### TASK INSTRUCTIONS
Reproduce all of the data exactly. Images are not to appear in the reply.

### MATERIAL PROVIDED
+===+
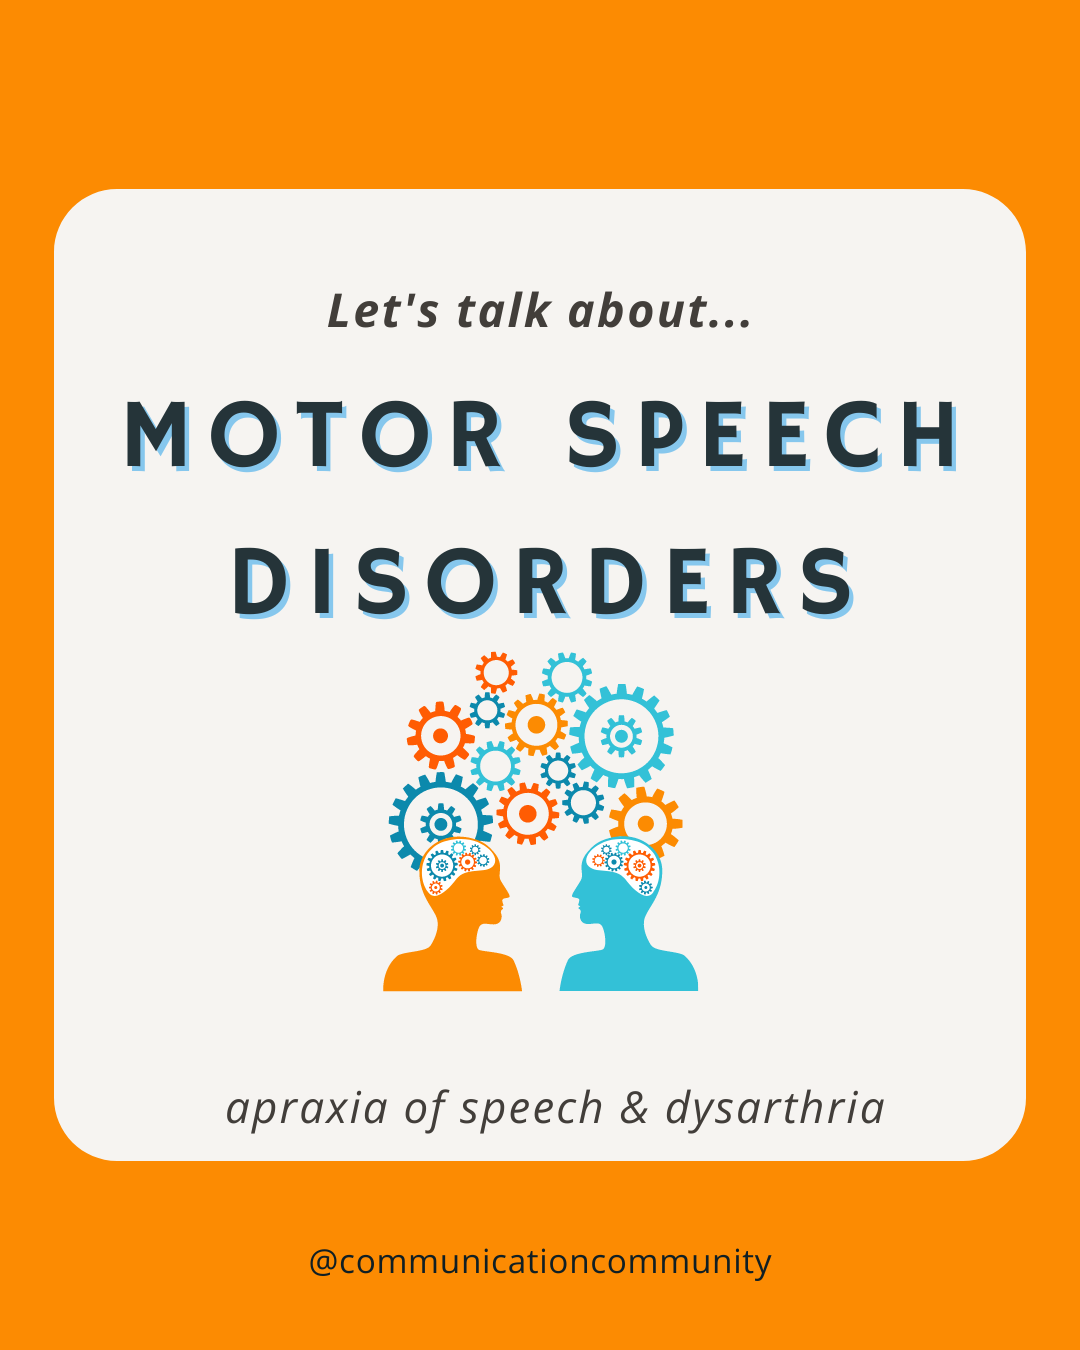 Types of Motor Speech Disorders
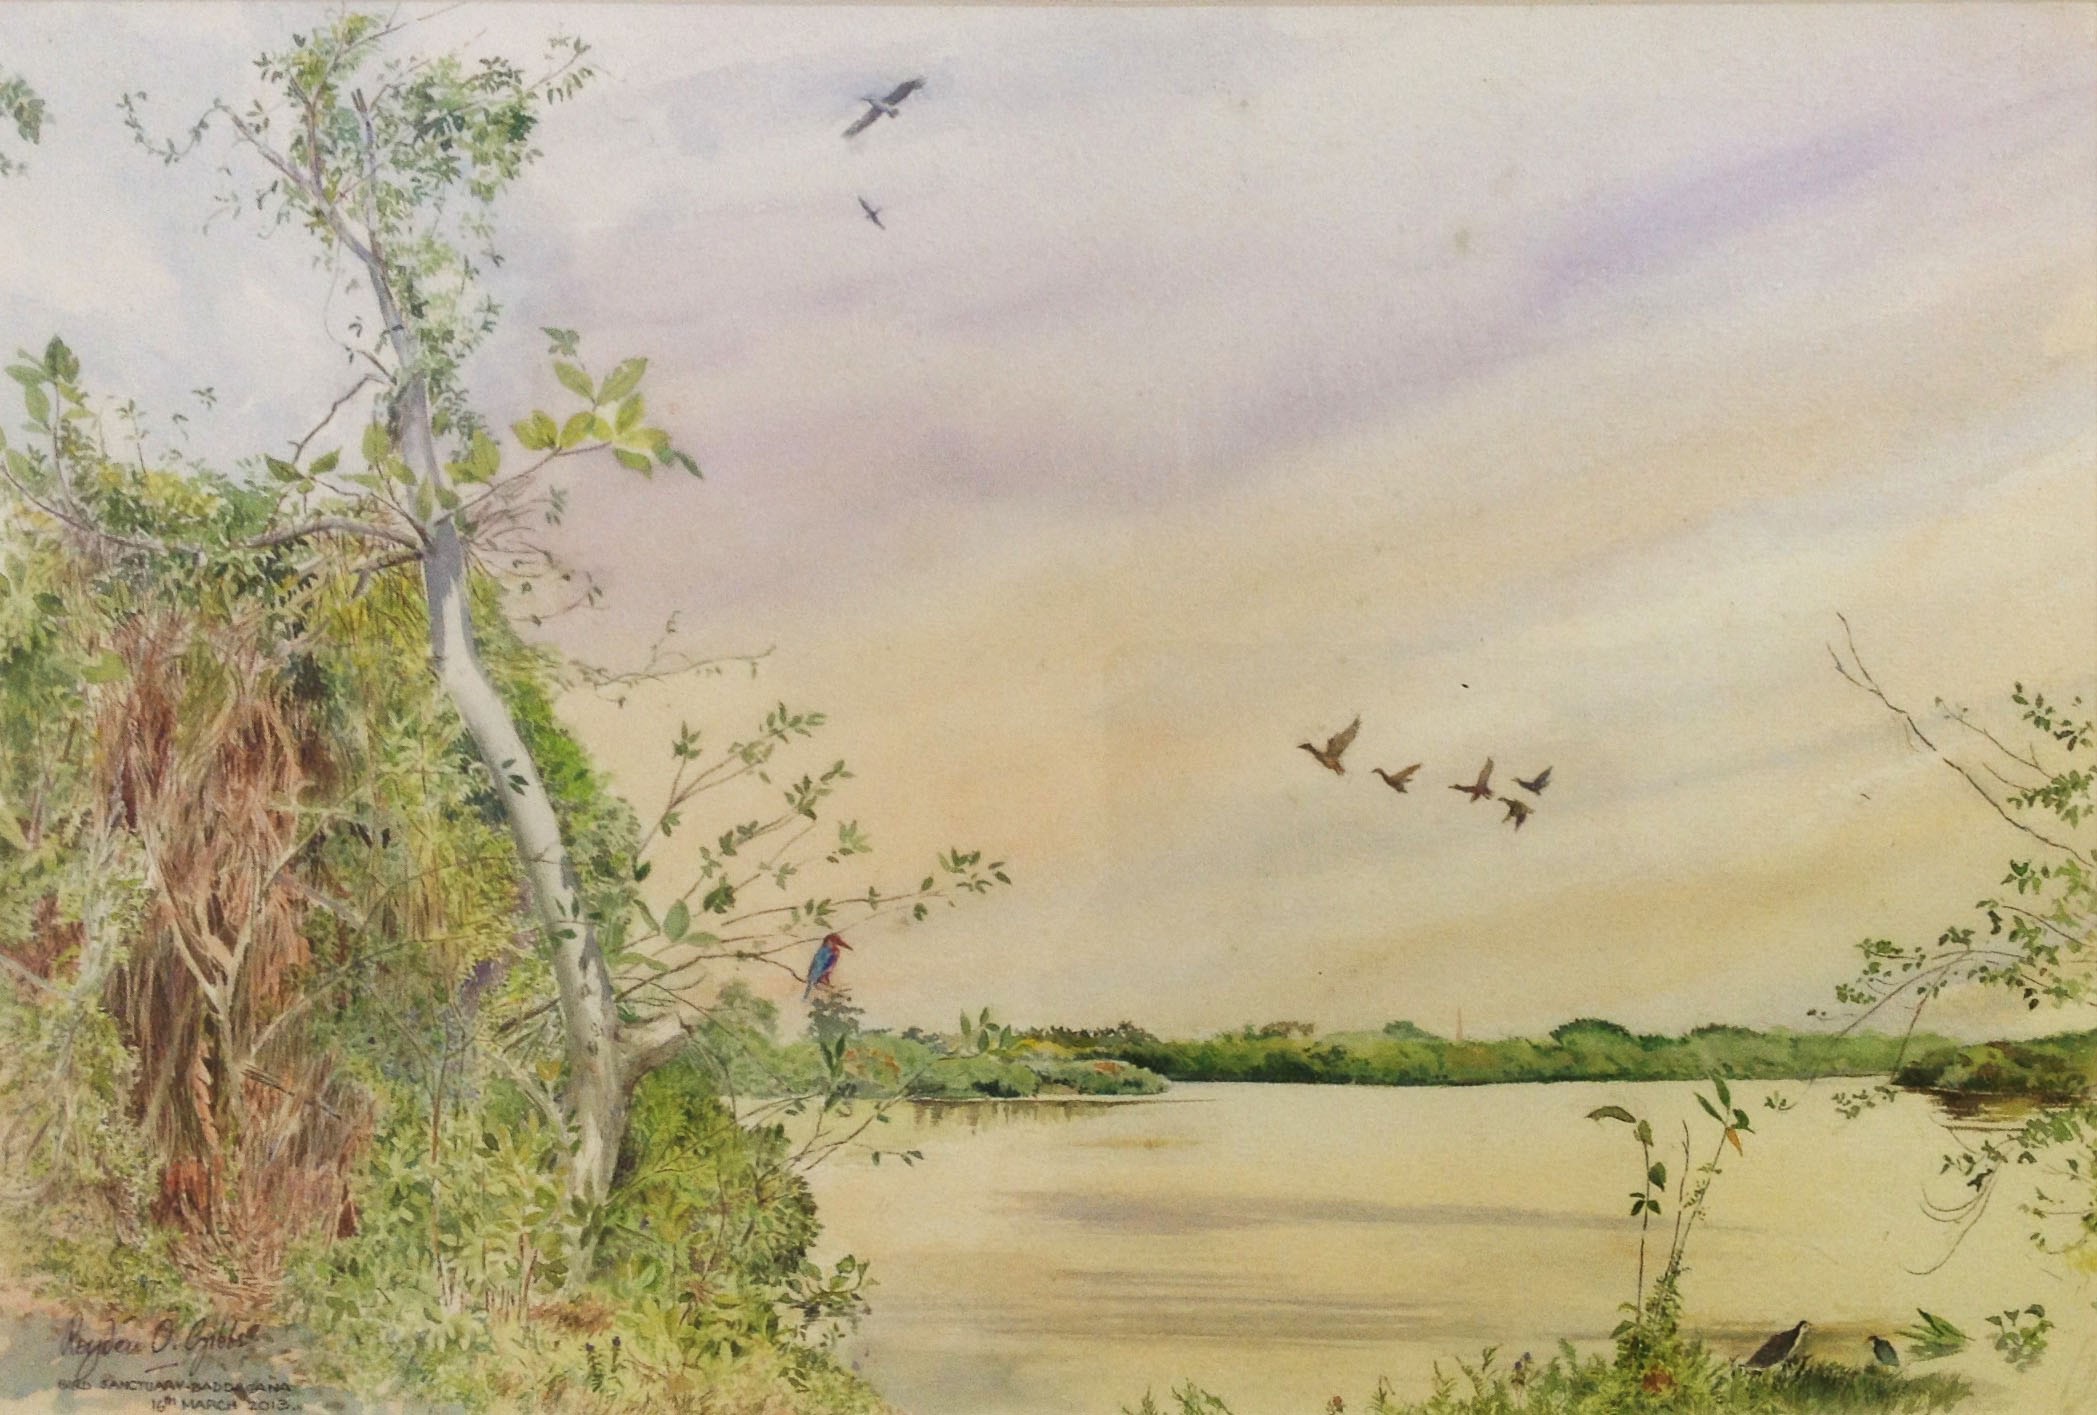 Bird Sactuary - Baddagana by Royden Gibbs
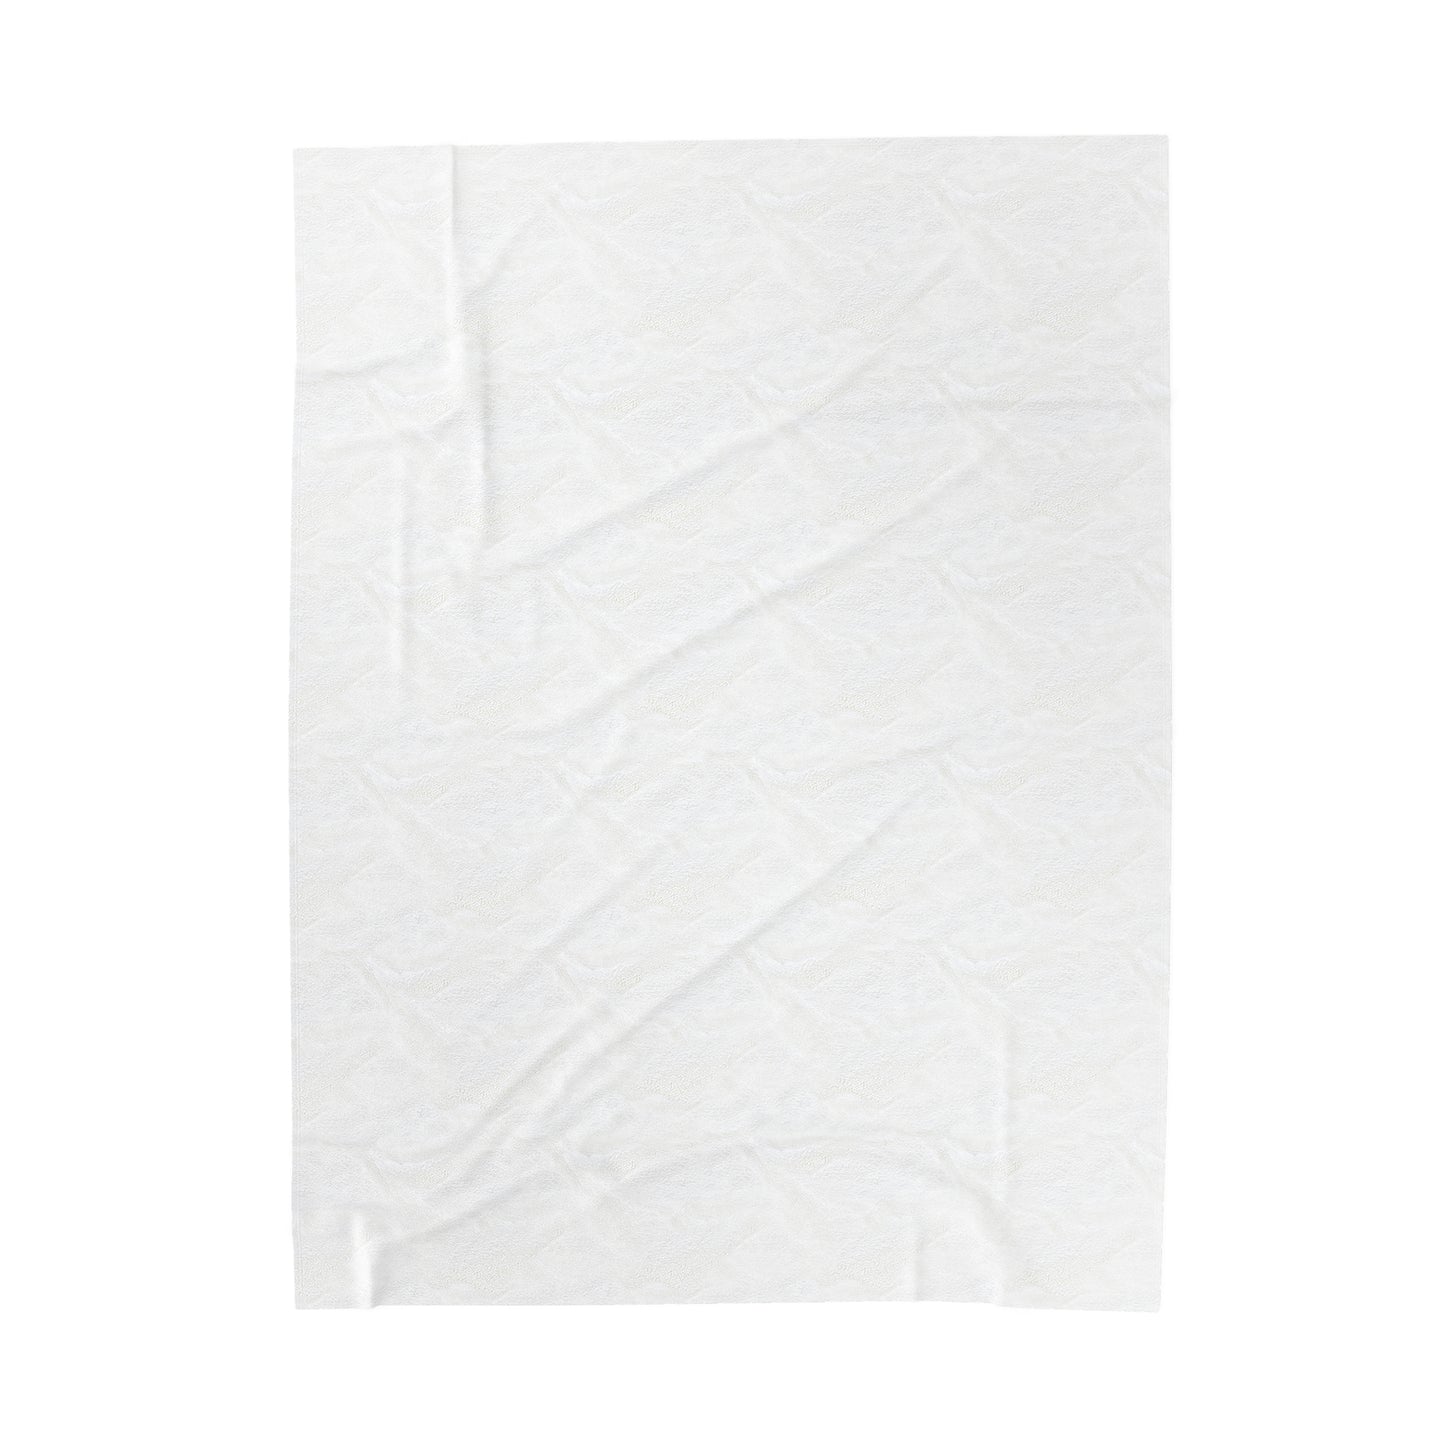 Merry Christmas & Happy New Year Printed Velveteen Plush Blanket, White
+===+
### OUTPUT OF THE EXERCISE
 Types of Motor Speech Disorders
 Bird Sactuary - Baddagana by Royden Gibbs
 Merry Christmas & Happy New Year Printed Velveteen Plush Blanket, White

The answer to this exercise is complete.